Мария Жоау равнодушно просматривает листок за листком, время от времени болезненно морщась на рифмах «меня – тебя» и «люблю – скорблю».
На последнем листочке текст не стихотворный, а прозаический. Мария Жоау быстро пробегает его глазами. Это настоящий вопль истерзанного сердца. «Я умираю, – говорится в постскриптуме, – но умираю счастливым. Я не был нужен тебе, пока был жив. Но теперь-то ты будешь помнить меня вечно!»
Мария Жоау вздыхает. Скорее обескураженная, чем расстроенная, она переворачивает листок и видит там записи, сделанные ее собственной рукой.

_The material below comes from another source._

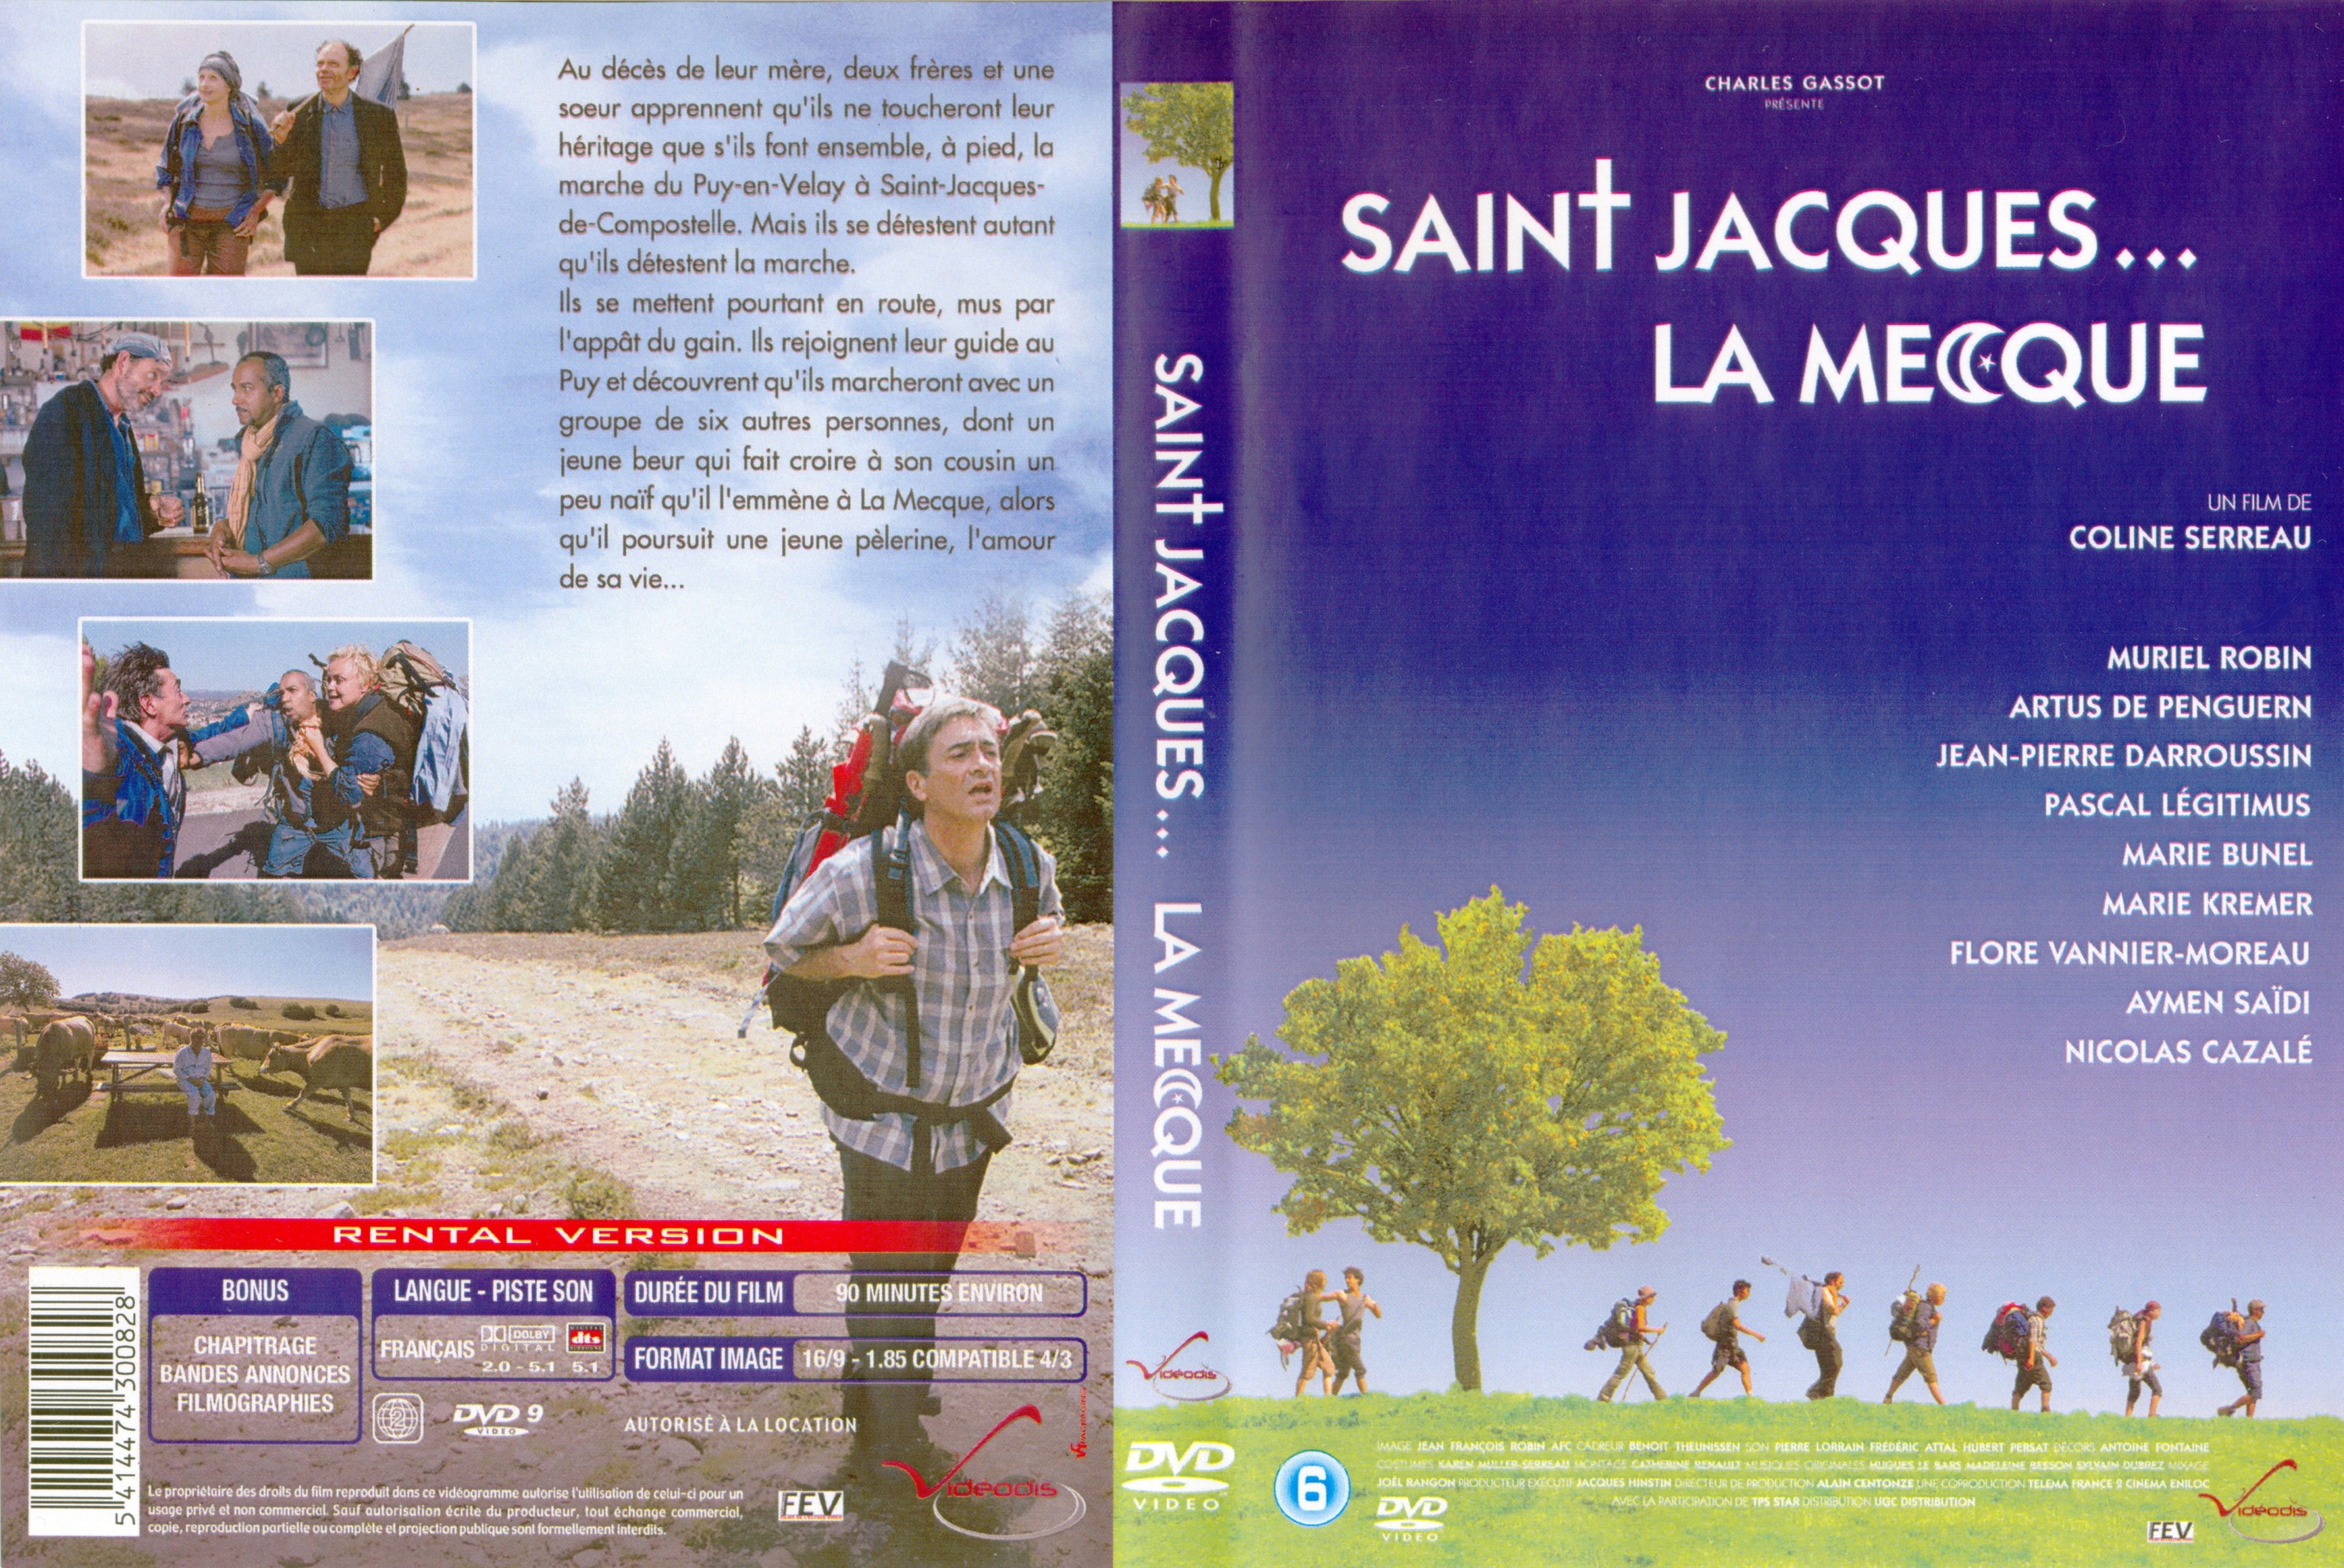 Jaquette DVD Saint-Jacques la mecque v2

«По словам премьер-министра, – написано там, – валовой национальный продукт… законодательная инициатива… выступил и заявил… конец 90-х…», а под всем этим крупными, почти печатными буквами: «На 13.30 – выход в эфир из Ассамблеи, на 14.00 – новость с голосом, на 16.00 – репортаж, полторы-две минуты».
* * *Зе Мигел слышит странные звуки и заглядывает в кабинет. За столом, уронив голову на руки, горько рыдает Мария Жоау.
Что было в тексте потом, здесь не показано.